According to the conflict-monitoring hypothesis (Botvinick et al., 2001; Botvinick, Cohen, & Carter, 2004), conflict detection in a current incongruent trial will invoke mechanisms of cognitive control—for example, increasing the processing weight of the relevant features. This adaptation results in a reduction of the congruency effect after a preceding incongruent trial as compared to after a congruent trial. The first empirical evidence for this sequential modulation was reported by Gratton, Coles, and Donchin (1992). This pattern has proven robust across tasks and paradigms (see Egner, 2007, for a review), although the size of the effect can be manipulated by factors such as reward (van Steenbergen, Band, & Hommel, 2009) or mood states (Schuch & Koch, 2015; van Steenbergen, Band, & Hommel, 2010).

However, there is evidence that adaptation of cognitive control only occurs when the target-specific features remain constant. Kiesel, Kunde, and Hoffmann (2006) investigated the sequential modulation of congruency effects in task switching and found the typical pattern of reduced congruency effects after an incongruent trial only for task repetitions, but not for task switches. For task switches, the congruency in trial n–1 had no effect on the congruency effect in trial n. The authors regarded this as evidence for task-specific conflict resolution.

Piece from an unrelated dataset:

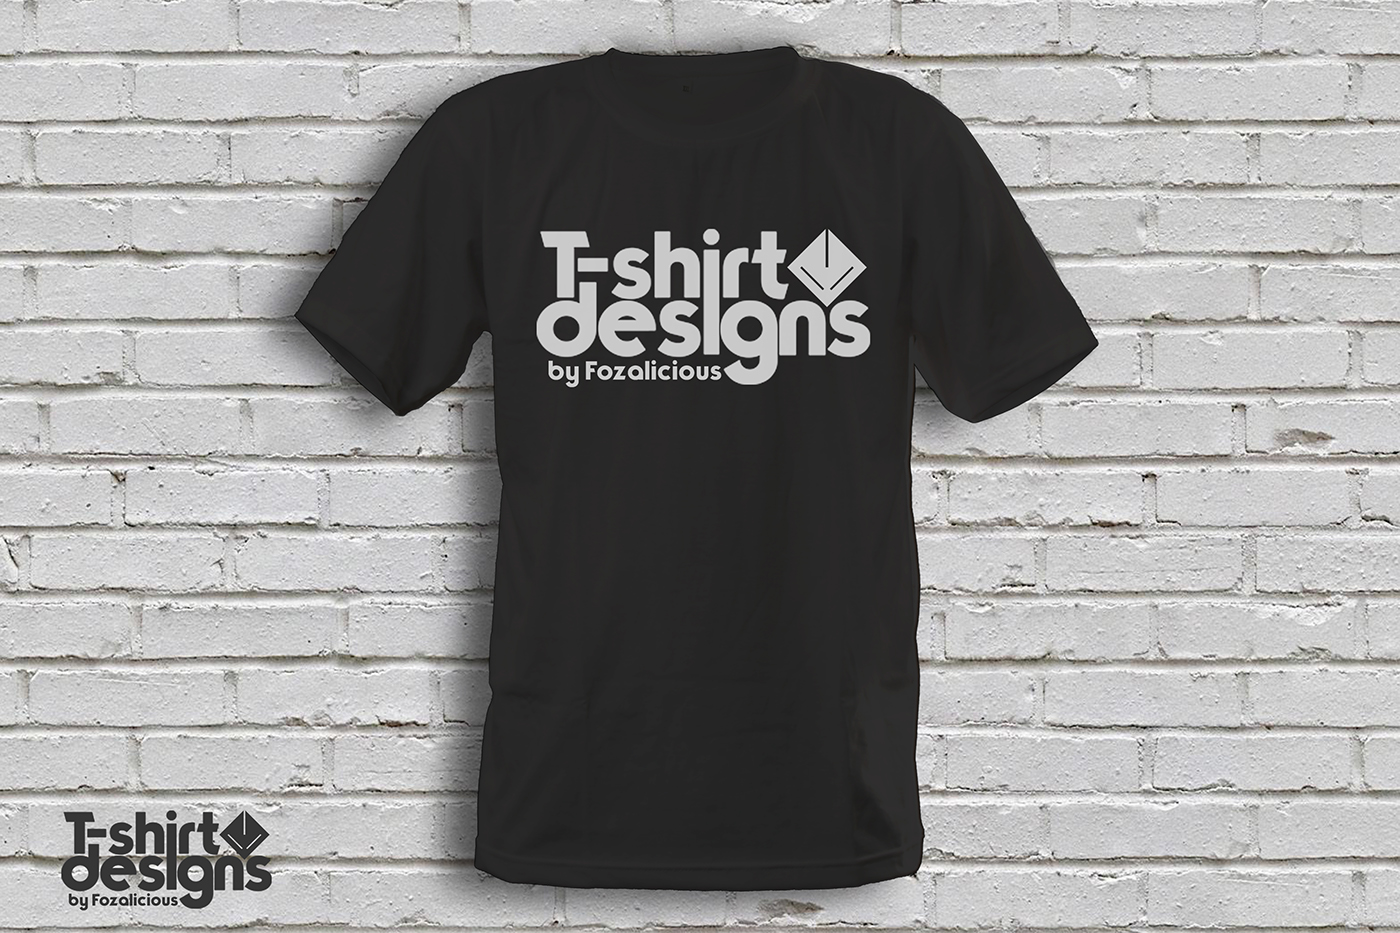 Download Free Realistic T-Shirt Mock up by Fozalicious on Behance

The notion of specific conflict adaptation is also supported by other studies (see Braem, Abrahamse, Duthoo, & Notebaert, 2014, for an overview). Hazeltine, Lightman, Schwarb, and Schumacher (2011) employed a flanker task including unimodally presented auditory and visual stimuli and found conflict adaptation effects only in successive trials of the same modality. Likewise, Fischer, Plessow, Kunde, and Kiesel (2010) combined sequential congruency effect and dual-task analyses (using a Simon task under single- or dual-task conditions). Remarkably, conflict adaptation was only observed when the task conditions repeated in successive trials (i.e., both were single-task or both were dual-task conditions). Moreover, Akçay and Hazeltine (2011) found conflict adaptation effects only for the same type of conflict (Simon or flanker conflict), and not across conflict types in successive trials.

Here we propose that these seemingly diverse variations of sequential modulation of the congruency effect can be explained by invoking a general principle. We argue that sequential modulation effects are generally based on reliance on contextual information that might signal the need to maintain previous task-relevant cognitive settings (e.g., attentional biases, activated stimulus–response mappings). If so, any change of processing context should disrupt the continuity of cognitive processing across episodes, which in turn should abolish sequential modulation effects.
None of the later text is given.